Applying collective intelligence to IT outage notifications

Unless you’ve lived through the pain of trying to use an essential but unavailable application at work this will not be the most interesting topic. It’s a difficult problem that has been bugging me lately and this has got me interested in applying Enterprise 2.0 ‘harnessing collective intelligence’ to the challenge of effective IT application communication.

There are times of the day when I’m looking to use email to respond to questions, requests for assistance or sort out issues. Losing access to email has made me realise how very frustrating it is to lose access to an essential application that means you can’t really do your job for the duration of the outage, the frustration is amplified when there’s no notice that the outage is being worked on, let alone a possible resolution time. This has brought home the challenges my internal customers experience. I work in a team responsible for an application that our users use to meet their team targets, so when our application is unavailable they start missing targets: it’s quite an expensive event for them.

We have an excellent notification system for serious issues; it sends SMS and email alerts to the nominated representatives, and we have a skilled team who manage such incidents. The challenges are that this is a one-way communication channel and when it comes to email it is also a seriously overused channel.

Are we limiting ourselves to an outdated idea of one-way communication?

Can we apply the principles of Enterprise 2.0 to communicate with our users more effectively?
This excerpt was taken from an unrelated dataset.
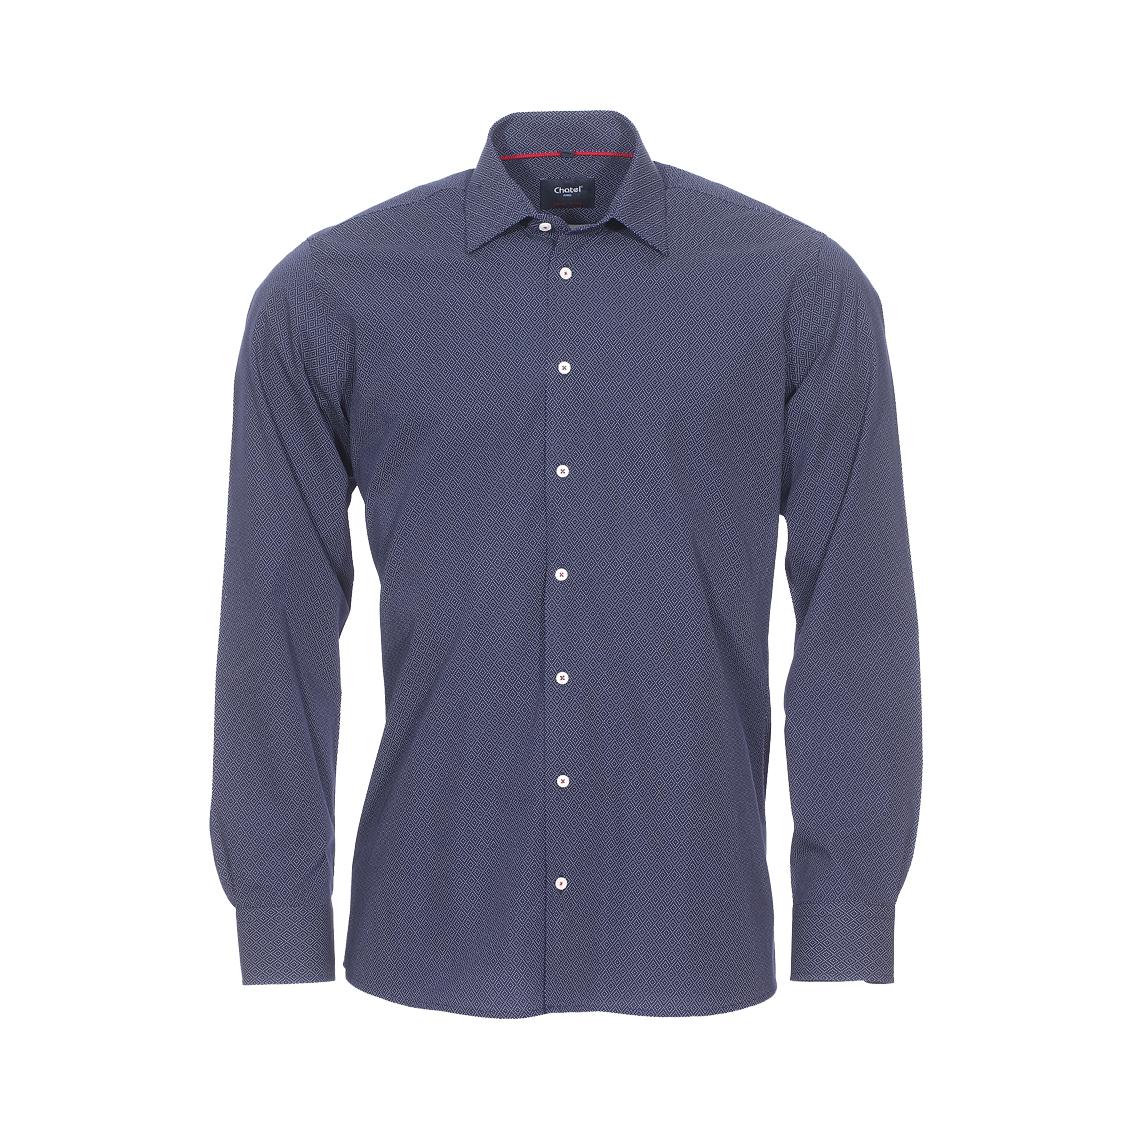 Chemise droite Jean Chatel London Ville en coton bleu marine à motif fantaisie blanc
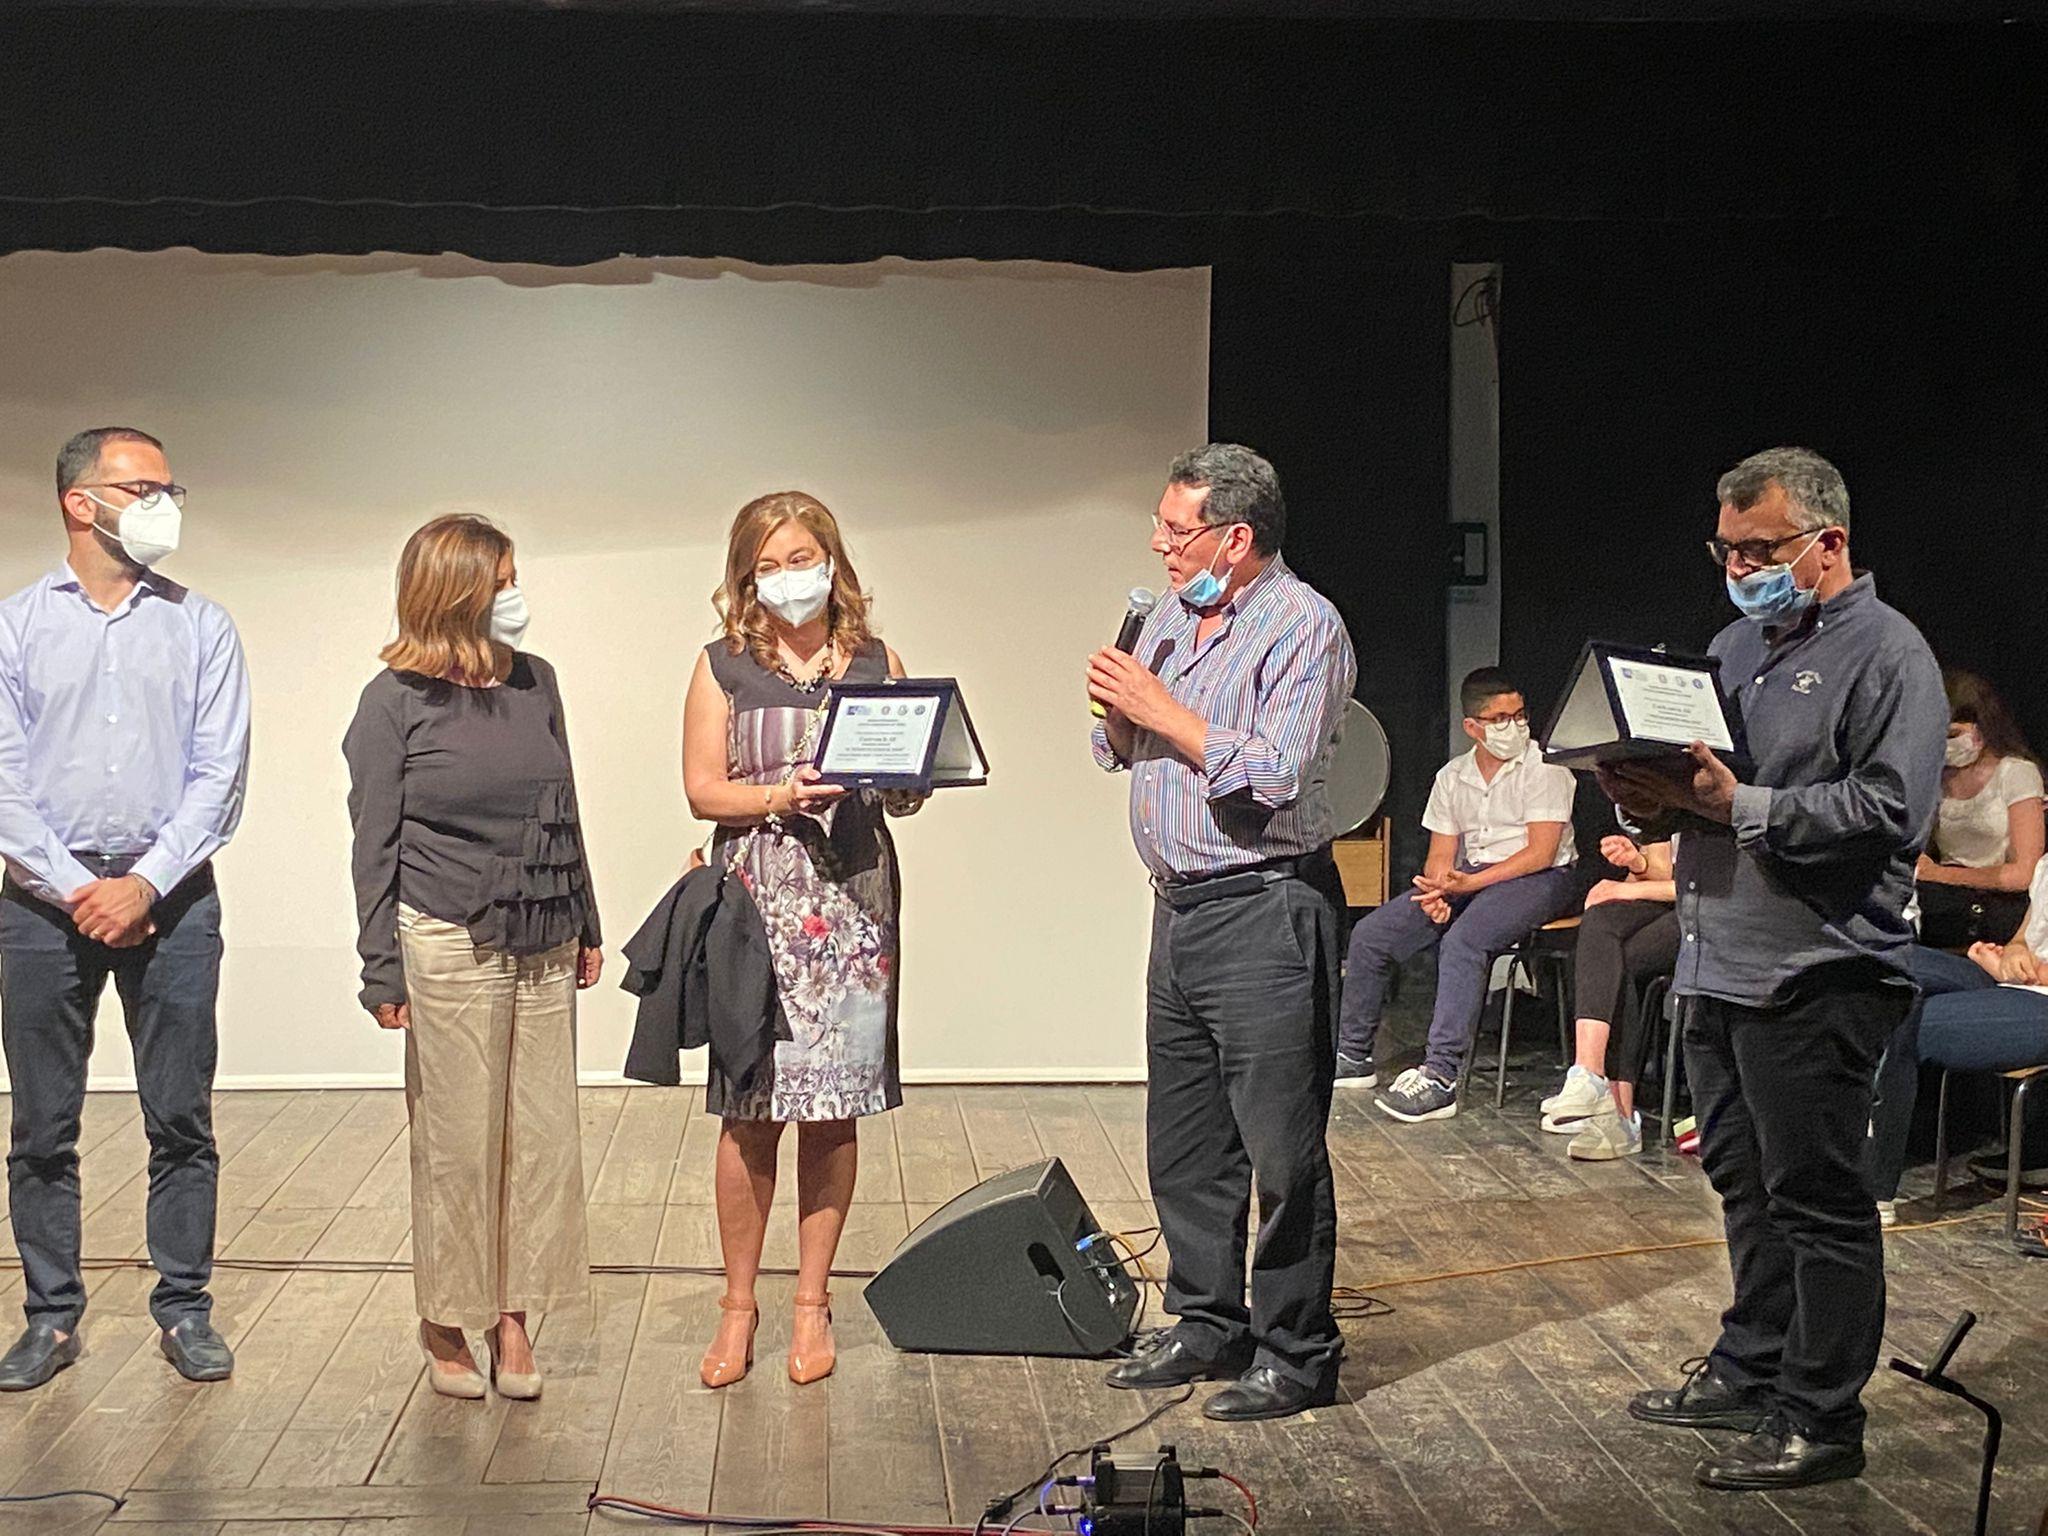 """Concluso con successo il progetto """"Cinelab"""" dell'I.C. di Alì Terme tra festival, corti, musica e cineforum"""

Could something more unstructured, more informal and more open provide a complementary channel for communication from the IT teams to their users?

Applying the principles outlined by Andrew McAfee, in his Enterprise 2.0 paper, suggests we would need these features:

  • Search – The notifications need to be able to be targetted, that is, I can see availability communication about the applications I’m interested in. No spam, nothing that doesn’t matter to me. This will be through searchability of the details and also of the tags.
  • Authoring – Anyone can contribute, not just the official owner team (incident management or application team). This should mean earlier detection of incidents as well as richer feedback to the application team.
  • Links – If everyone can contribute information about an application’s availability and performance there will be a clearer view of what is important, that is, if 1000 users are complaining about our HR system that tells us something different than if 2 users are having problems.
  • Tags – Categorisation of the communication by anyone will lead to the community of users developing categories that are meaningful to them, the IT team that then adopts these will become good communicators. We may end up with categorisations like #out, #slowdown, #scheduled; or we may not, in which case we’ll learn to speak the language of our users.
  • Extensions – Increasing the intelligence of the channel so that if we are finding that most of the users who use the finance system are also using spreadsheets (and not vice versa) then when someone shows an interest in the finance application, they are prompted to also register their interest in Excel.
  • Signals – Selective alerting through RSS and effective aggregation will have benefits beyond the need for notifications. Organisational functions that need to manage at an aggregated level, eg pattern identification across teams, will have better data to take action on.

The seismic shift I believe we need to make is to open up our communication channels to become more effective. It’s a challenging proposition in an organisation that by necessity needs to have strong governance and control over our IT systems, are we willing to let go control of our communications? And is there a place for a collective intelligence tool that can complement more official channels with a large corporate?